"Mexico Coach Defends Fans Who Yelled Gay Slur At World Cup Match"
Mexico fans are under investigation from FIFA, international soccer’s governing body, for yelling gay slurs at the team’s World Cup matches against Cameroon and Brazil, but instead of condemning the behavior, Mexico manager Miguel Herrera is rushing to their defense.
FIFA announced Thursday that it would investigate both Mexico and Brazil fans for homophobic chants at World Cup matches, as well as Russian and Croatian fans for racist and anti-Semitic behavior. Mexico’s fans could be audibly heard screaming “Puto!” — a slang term that is often used as a gay slur — every time Brazil keeper Julio Cesar took a goal kick during a match between the two teams Monday.
Herrera, however, doesn’t see the problem (as Soccerly noted Thursday, this is regular ritual at Mexican soccer matches).
“We’re with our fans,” Herrera told the Associated Press. “It’s something they do to pressure the opposing goalkeeper.”

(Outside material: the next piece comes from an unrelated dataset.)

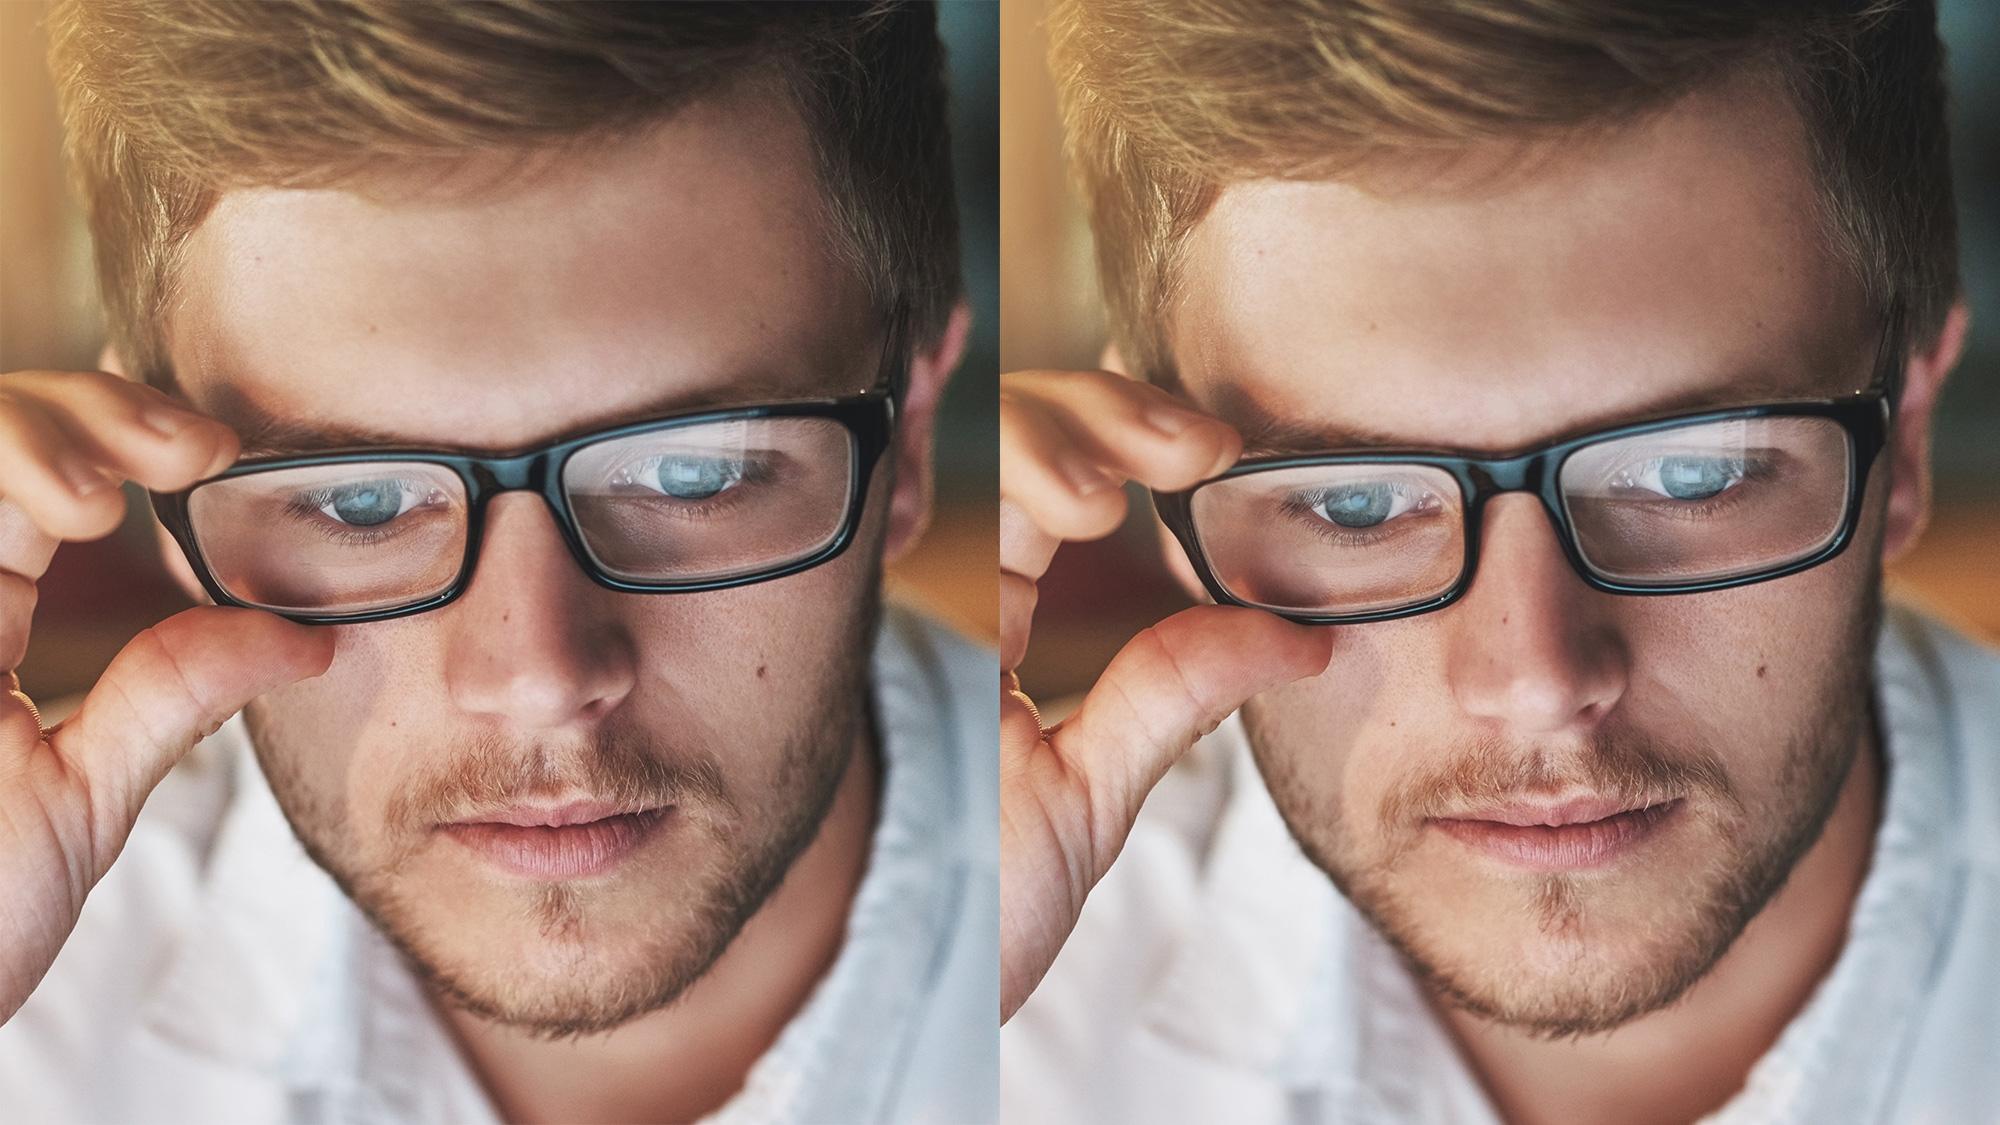 Novo protótipo da Adobe usa inteligência artificial para identificar rostos modificados pelo Photoshop
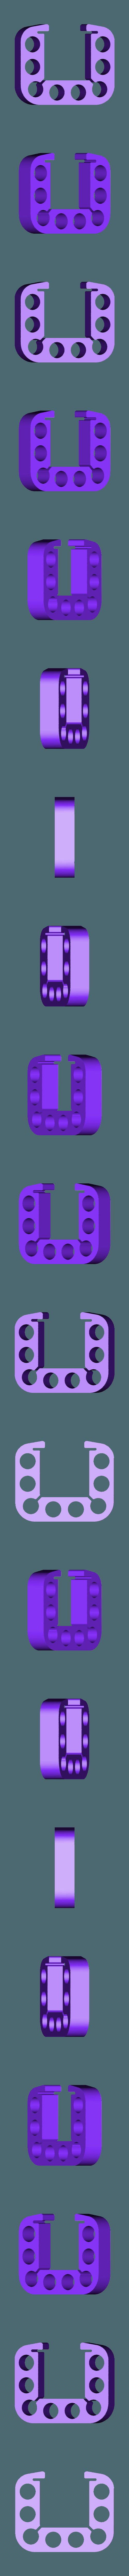 Nozzle_Rack_8_v2-1.STL Download free STL file 2020 Nozzle Rack 8 • 3D print object, WalterHsiao

FIFA president Sepp Blatter has had major missteps on LGBT issues in the past, but the organization and Brazil president Sepp Blatter this year pledged to use Brazil’s World Cup to fight discrimination, including homophobia. Equality advocates have used the Cup to draw attention to their causes both in Brazil and abroad. Multiple groups have highlighted data showing that the country is home to roughly 40 percent of the world’s anti-gay violence, while United Nations human rights commissioner Navi Pillay has called on gay soccer players at the World Cup to come out to promote tolerance. A new poll released before the World Cup showed that most fans would accept an openly gay soccer player on their national teams, though there are no openly gay players at this World Cup.
FIFA’s swift response to open an investigation into fans yelling homophobic jeers is laudable, though it will likely only result in warnings because it is a first offense. But even as FIFA shows some progress on the issue of homophobic fan behavior, Herrera’s refusal to condemn the chants shows how far many parts of the soccer world still have to go to make the game more open to gay athletes and fans.